色々と見えてしまっているけど、そんなことどうでもよくなるくらい嬉しくて、私は泣き笑いし、彼の名前を今度ははっきりと口にする。
「て、てめぇ……」
だけど、武藤は違う。
今、復讐しようとしている相手が目の前にいる。まだ呼び出してもいないのに。思い通りにいっていないことが腹立たしいのか、憎々し気な表情で名前を叫ぶ。
「逢沢ぁっ!」
「……あれほど俺の名前は出すなと言ったのに」
ちらりと後ろにたっくんは不満たっぷりな視線を流すと、もう1度武藤に視線を戻す。
「お前、武藤とか言ったな」
たっくんは、服をボロボロに引き裂かれ、武藤の足元で倒れている私を見る。
「……そいつになにしている。殺すぞ」
「ひっ!」
とんでもないくらい殺気に満ちた眼光と声。それを一身に受けた武藤は怯えて1歩後ずさるけど、周りを見渡し、数で勝っていることで余裕を取り戻した。

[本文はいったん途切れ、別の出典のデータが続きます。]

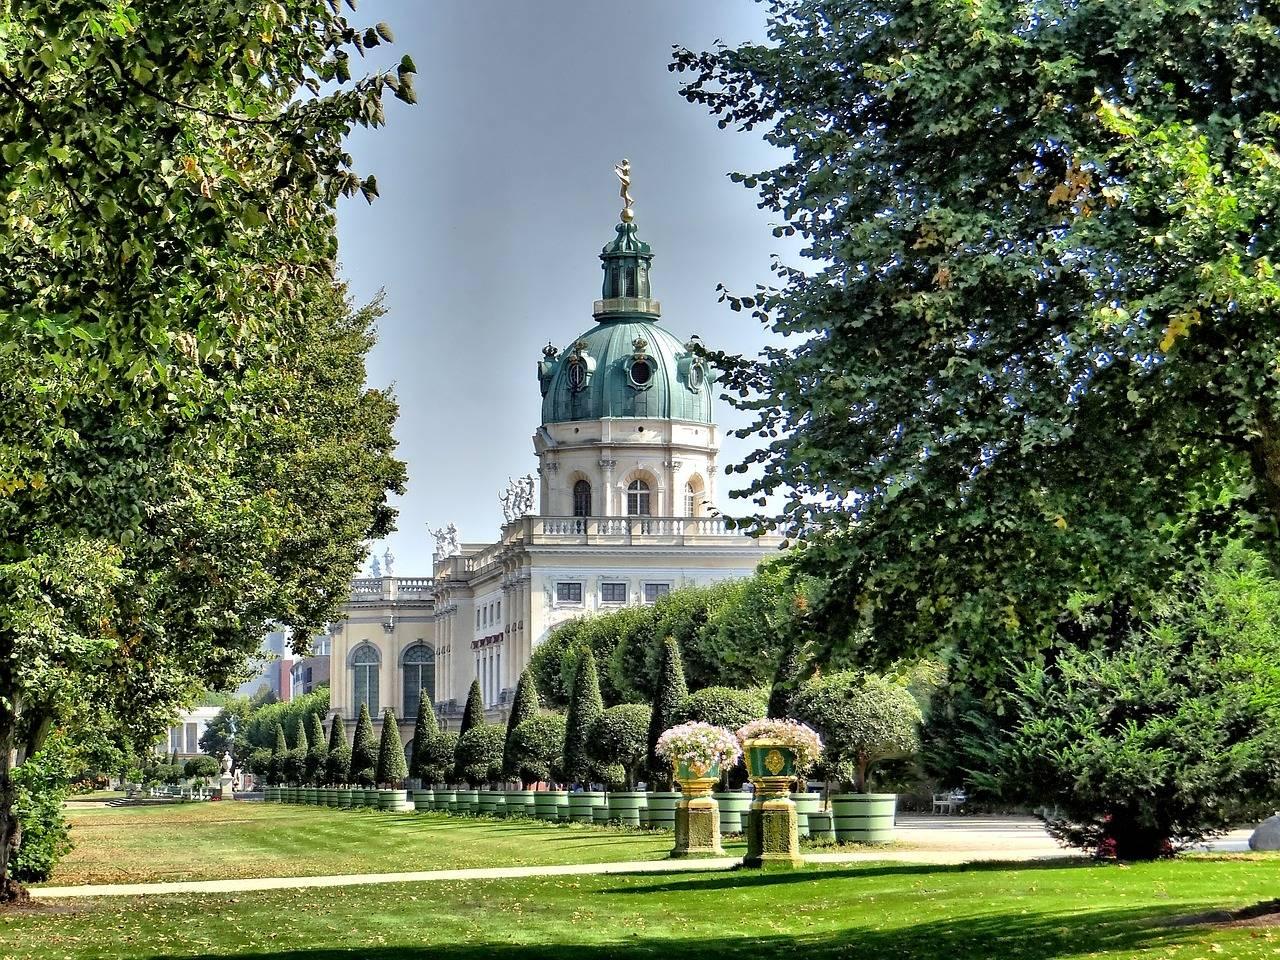 Замок шарлоттенбург, берлин (германия): история, фото, как добраться, адрес на карте и время работы в 2021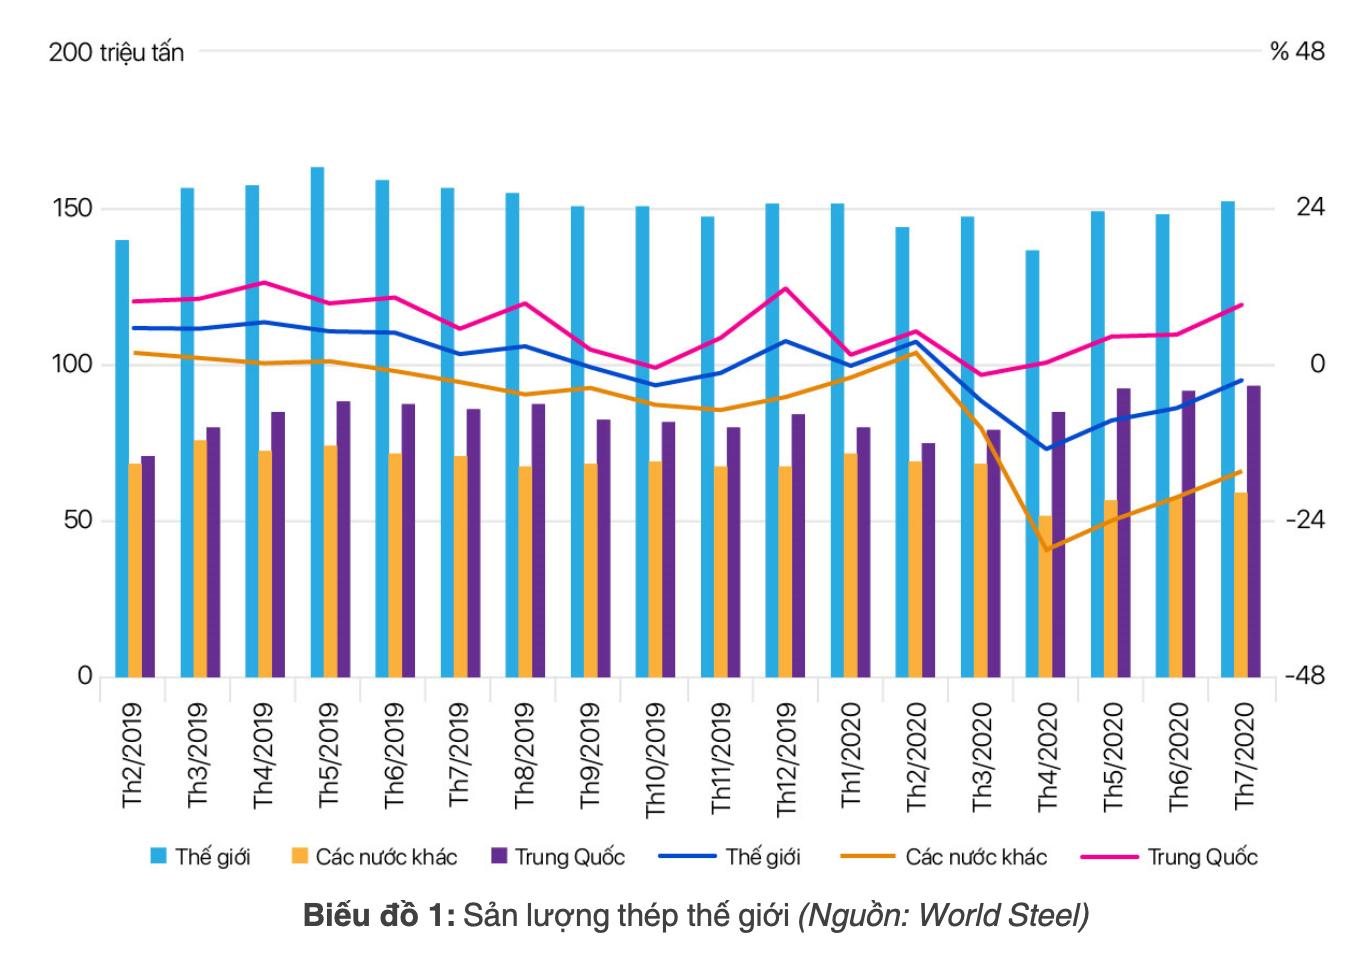 [Báo cáo] Thị trường thép tháng 8/2020: Trung Quốc đang phục hồi với tốc độ cao - Ảnh 1.

「は、ははっ。な、なにが殺すだ馬鹿がっ! この状況見てから言えボケ! まだこっちにはこれだけの数がいるんだぞ。てめぇ1人で何が――」
「1人じゃ無ぇよ」
気丈に振る舞い、乾いた笑いを零す武藤の言葉を遮って、たっくんの後ろから現れる人物が。武藤の表情が強張る。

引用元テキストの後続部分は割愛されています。